A valid passport is not always good enough. Most countries require that visitor passports be valid for a minimum of three months – sometimes six – before expiring. For example, if you plan on travelling in December, it’s advisable that your passport be valid until at least the end of March (possibly end of June) to ensure there are no hold-ups upon arrival in-destination. What better way to ruin a vacation than to be turned away at the door! Your clients will be relying on your expertise, but also be sensitive to the fact that should they need to renew a passport (or apply in the first place), this will be an added expense.

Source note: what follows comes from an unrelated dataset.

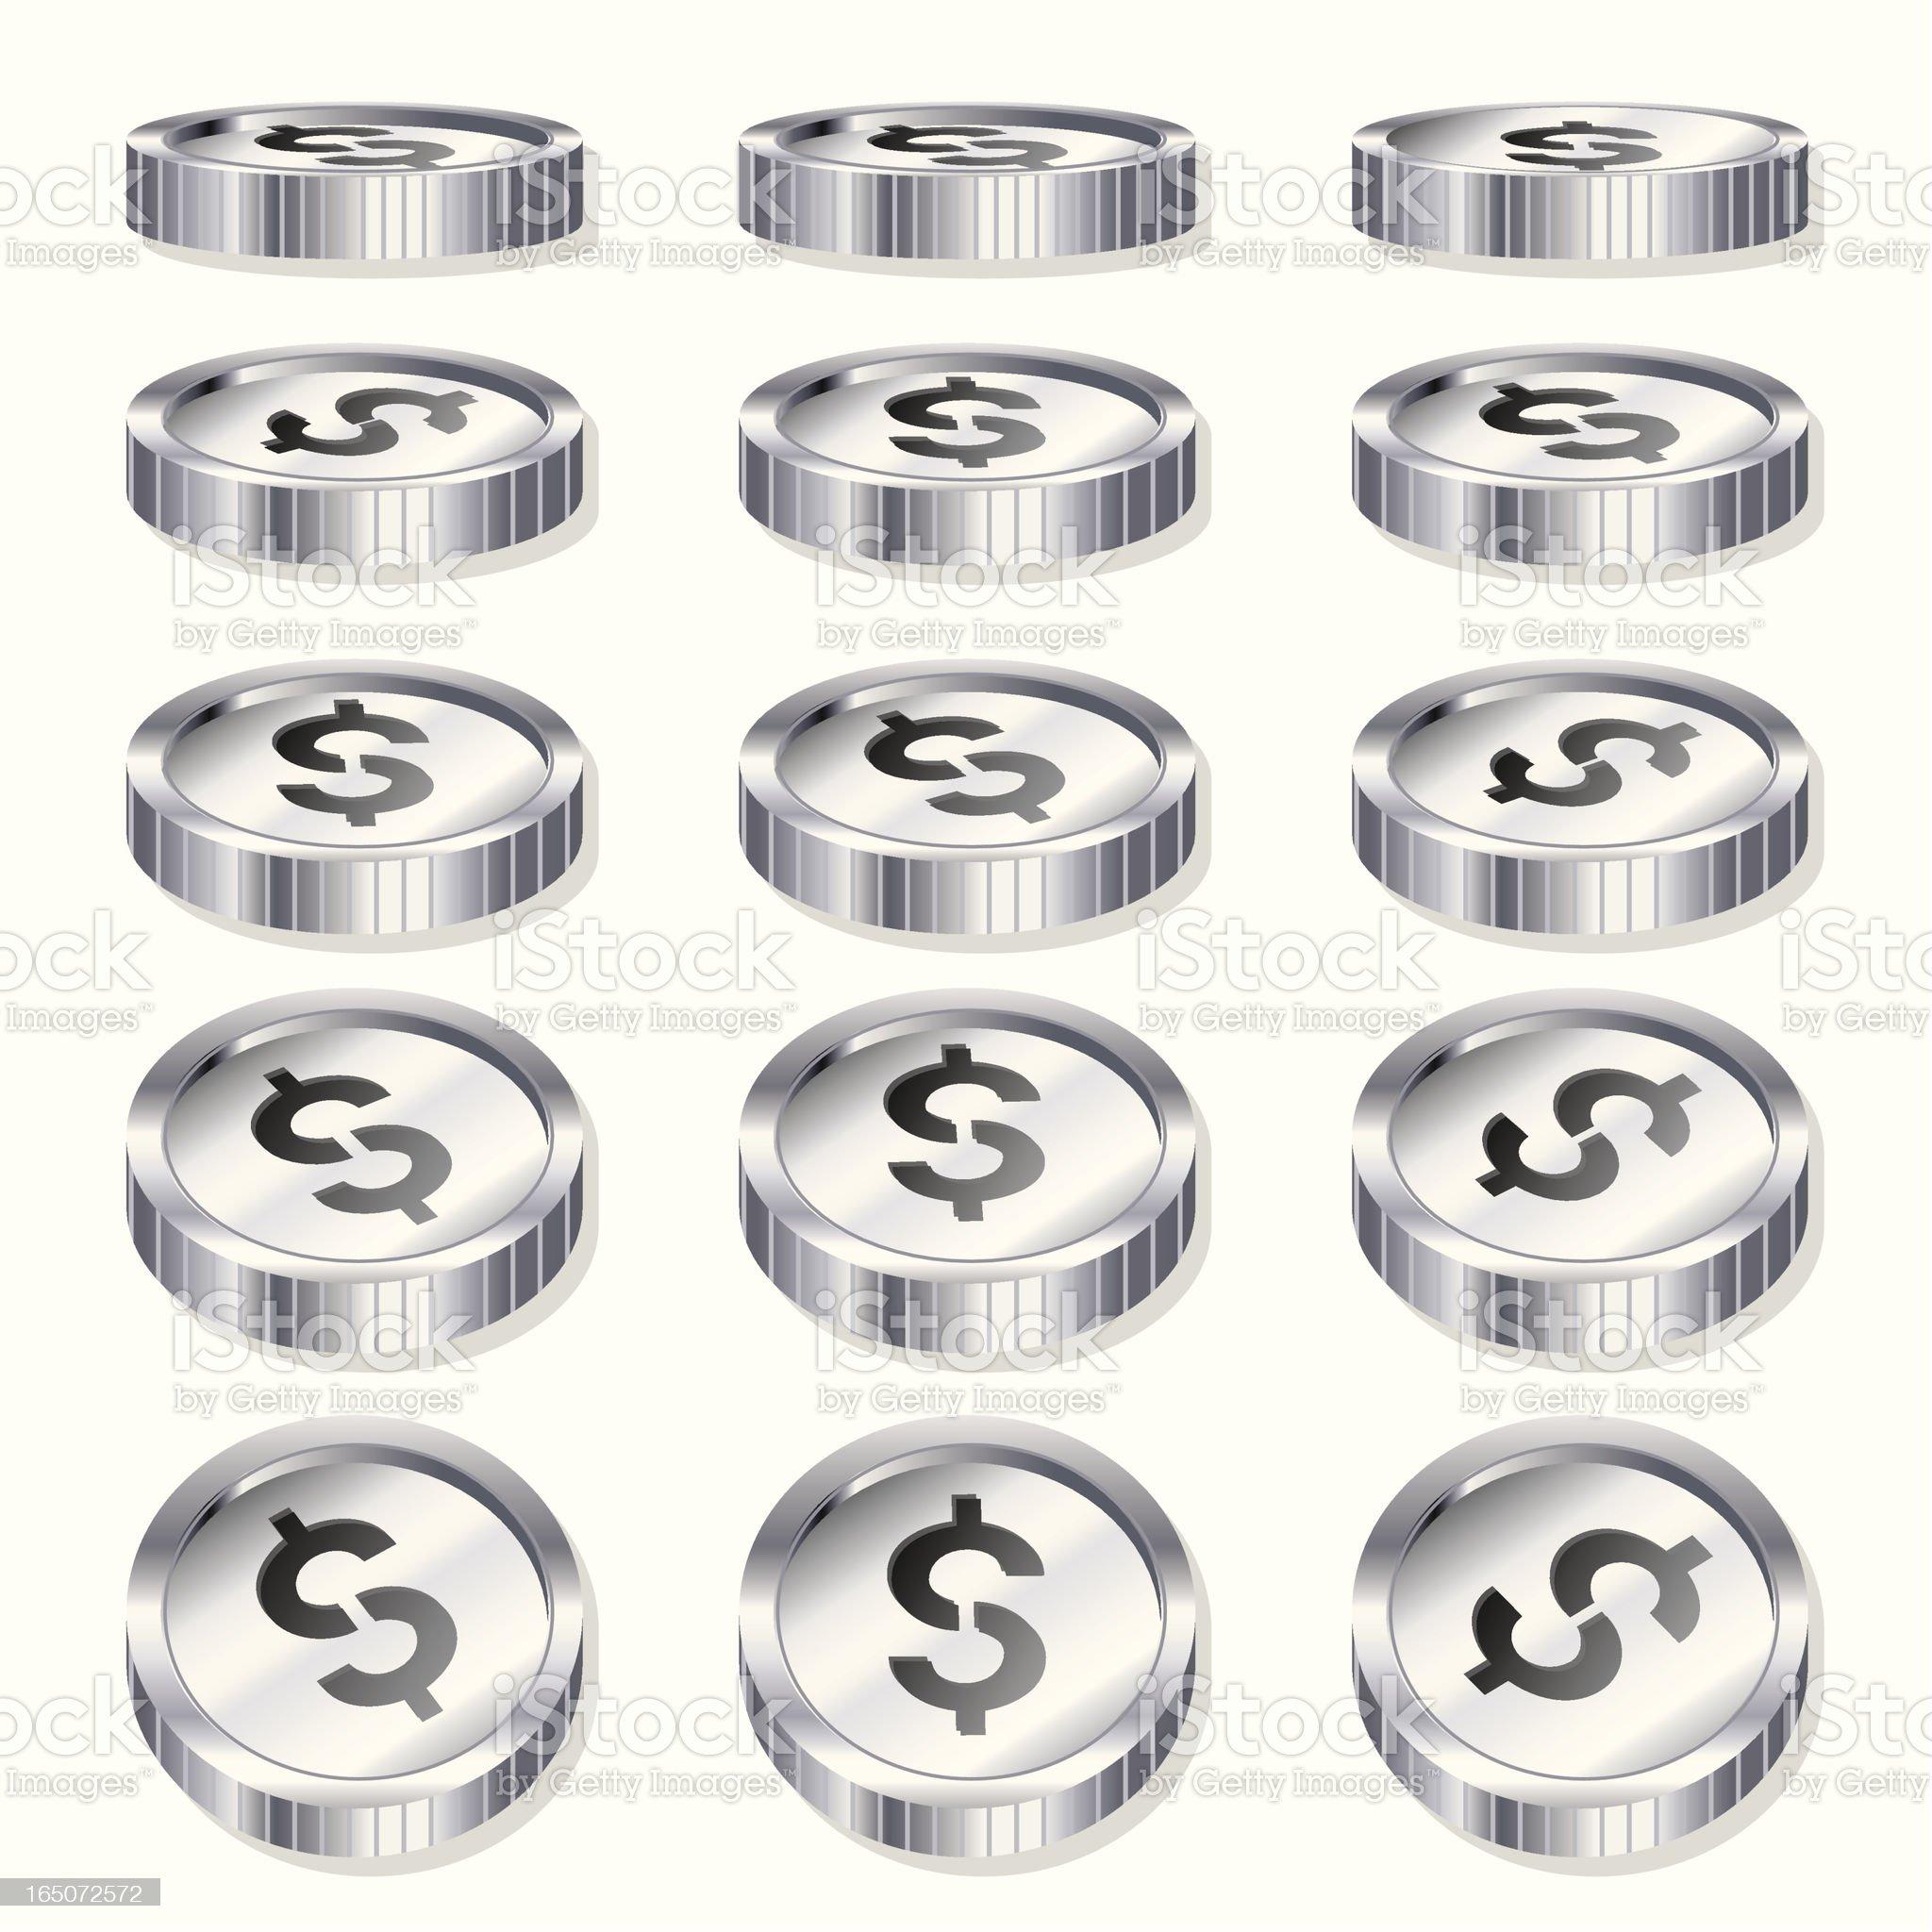 Chrome Coins -Tokens royalty-free stock vector art

When you suggest to clients that they invest in travel insurance, the answer should always be “yes.” Accidents happen and it’s best they ensure everyone in their family or group is protected. The cost of travel insurance pales in comparison to in-destination medical bills, so it just make sense to pay for peace of mind. You might also consider suggesting preventative measures to avoid any in-destination illnesses. Advise clients to consult a health care professional four to six weeks prior to departure to get the latest information about important health risks that could affect them at their destination. For example, in the Caribbean and Latin America, enterotoxigenic E. coli (ETEC), which can be transmitted by eating contaminated food or drinking contaminated water, accounts for approximately one out of three cases of diarrhea in travellers. Assuming they would prefer to enjoy a beach vacation rather than dealing with diarrhea, nausea, vomiting, chills, loss of appetite, bloating, fever and aches, DUKORAL® – an oral vaccine that they take two weeks before travel – may help reduce the risk of ETEC diarrhea. And, the cost may be covered by their private insurance. Further, remind clients to stock-up on sunscreen, aloe, a basic first aid kit and other necessities before leaving home, as these items are often required but can be overpriced at resort gift shops.

The beauty and pain of travel is its unpredictability, so as travel dates close-in, double check your clients’ hotel accommodations and flight schedule. Also ask: Have they decided if they are going to drive to the airport, and if so, where do they plan on parking? What time do they plan on leaving home? Once they arrive in-destination, do they have a transfer arranged to get to their hotel? Or are they renting a car, in which case, might they need to pack a car seat or a GPS? Help them consider each detail well in advance to minimize the hiccups that could occur when it’s time to go.

Despite the all-inclusive concept, clients still might find themselves at a local market or wanting to leave a tip here and there, so offer a gentle reminder to have cash-on-hand. Withdrawing local currency in-destination is sometimes an option (depending on ATM availability), however, U.S. dollars are accepted throughout the Caribbean, so we recommend taking care of this beforehand. Also confirm that their credit cards are in working order, in case they need to leave a room deposit (which is likely), or if there are other major purchases that they might decide on last-minute. Ultimately, it’s all about preparedness and thinking ahead.